RECORDED INFORMATION:
BEGIN

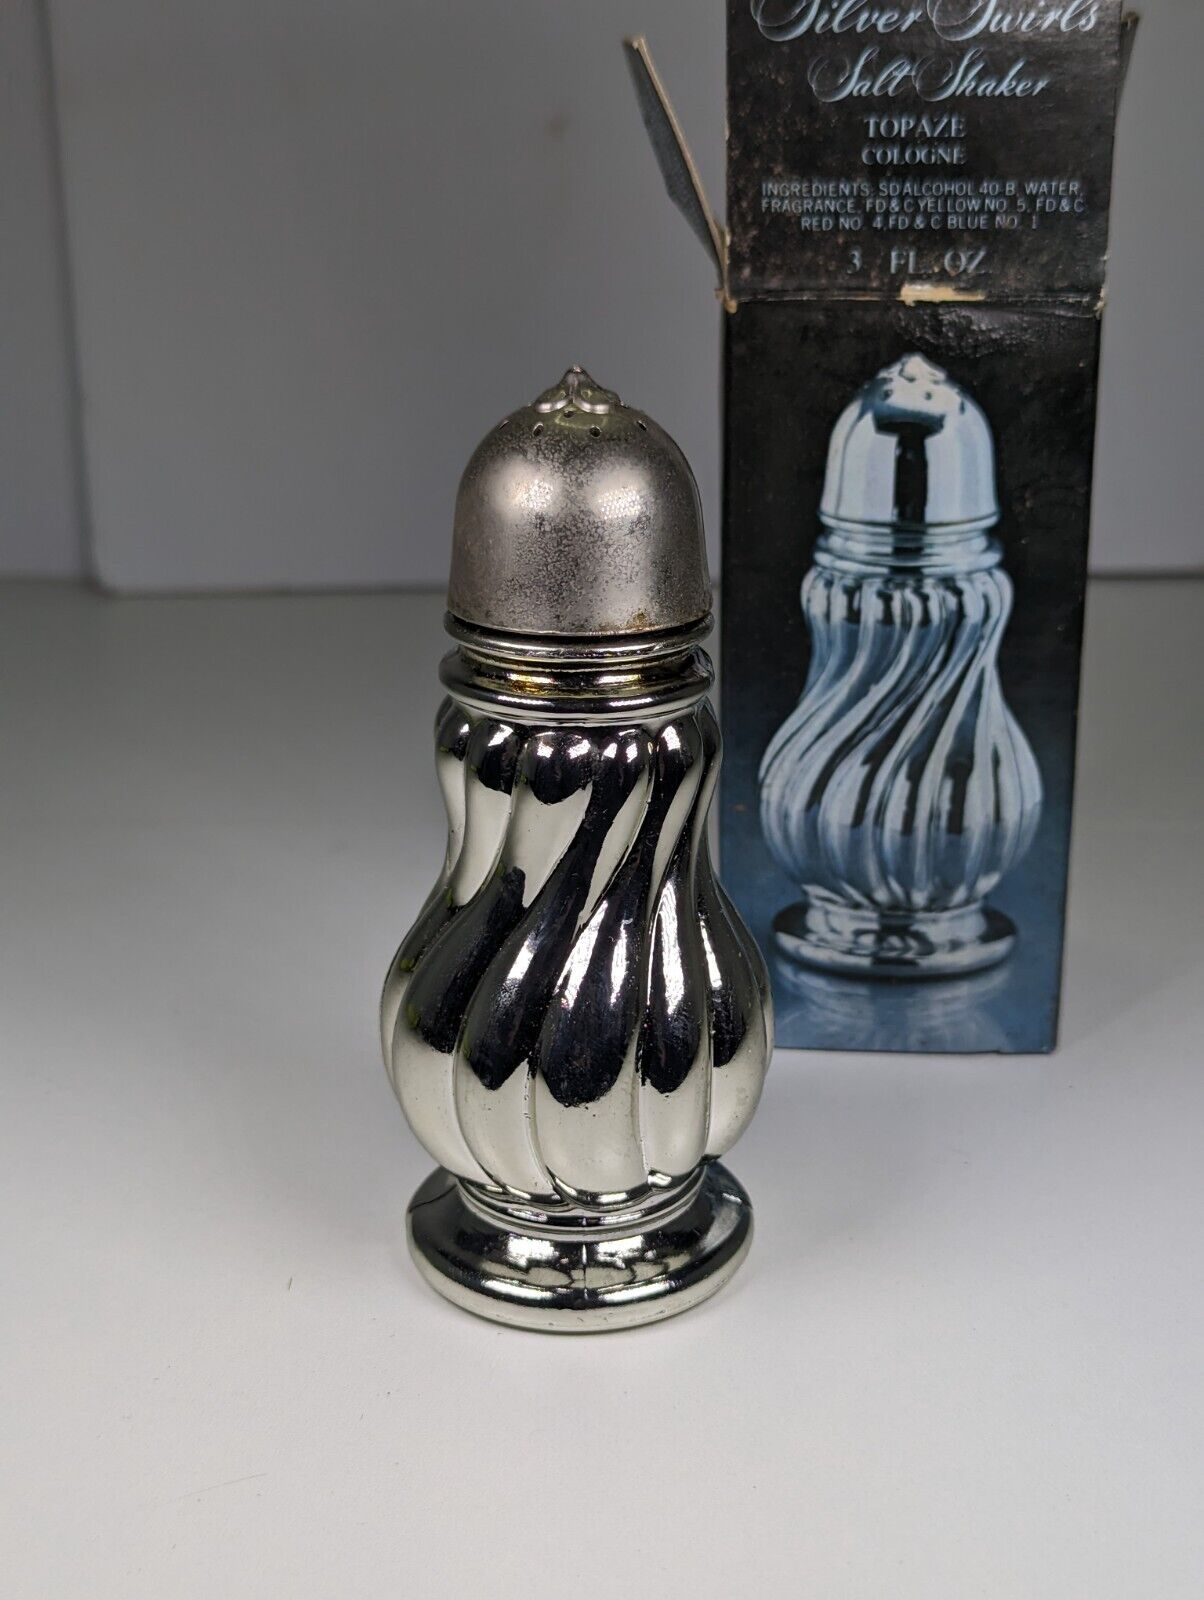 70\'s Vintage Avon Silver Swirls “Topaze” Salt and Pepper Shaker w/ box
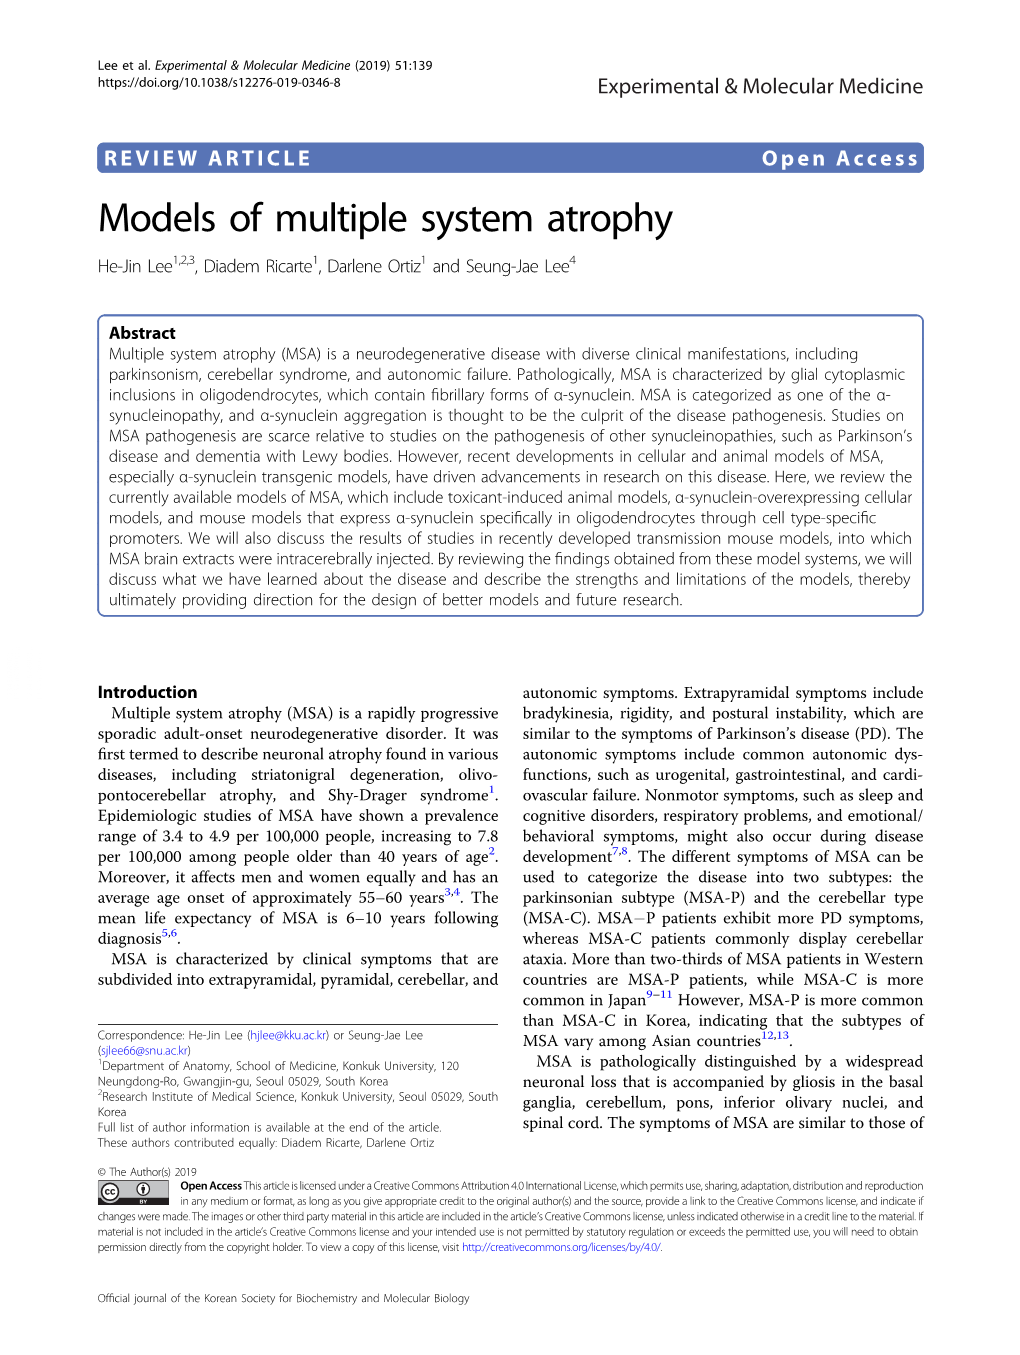 Models of Multiple System Atrophy He-Jin Lee1,2,3, Diadem Ricarte1,Darleneortiz1 and Seung-Jae Lee4
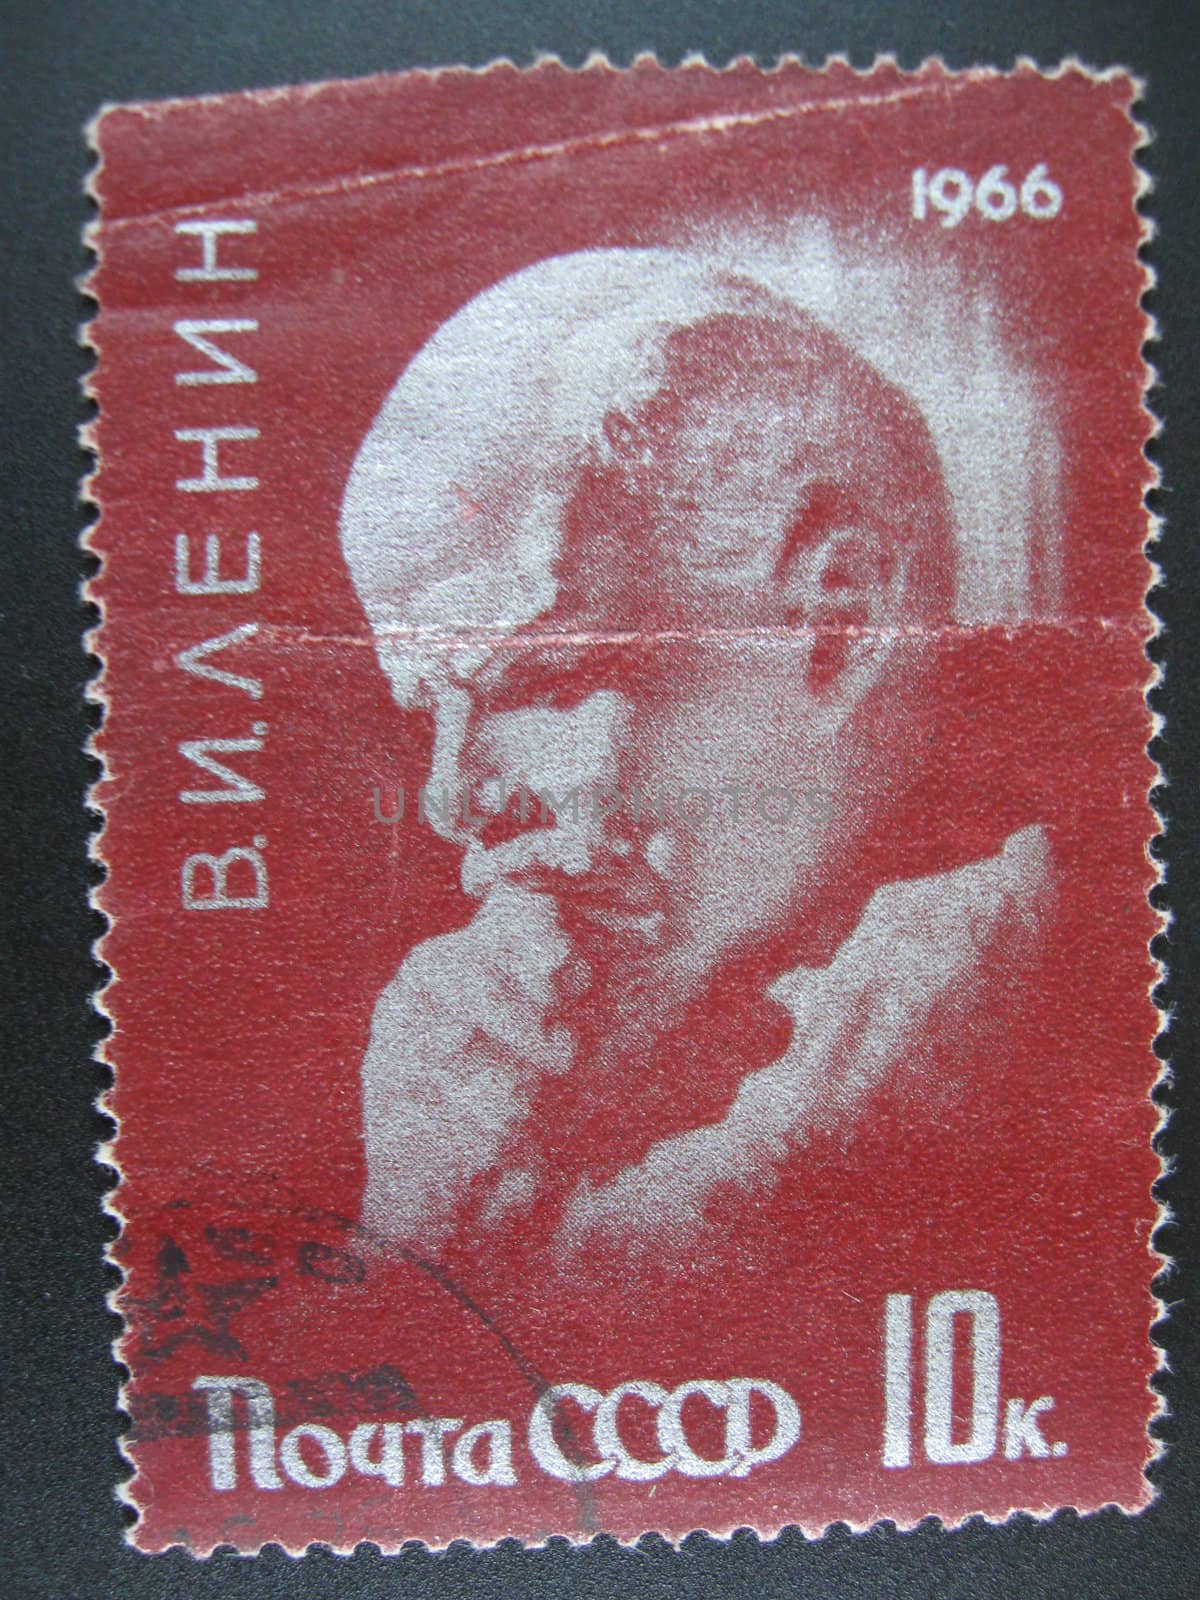 Stamp by dmitrubars

END

YOUR INSTRUCTIONS: Do not include the images; transcribe the rest of the listing exactly.

WRITTEN RESPONSE:
 70\'s Vintage Avon Silver Swirls “Topaze” Salt and Pepper Shaker w/ box
 Models of Multiple System Atrophy He-Jin Lee1,2,3, Diadem Ricarte1,Darleneortiz1 and Seung-Jae Lee4
 Stamp by dmitrubars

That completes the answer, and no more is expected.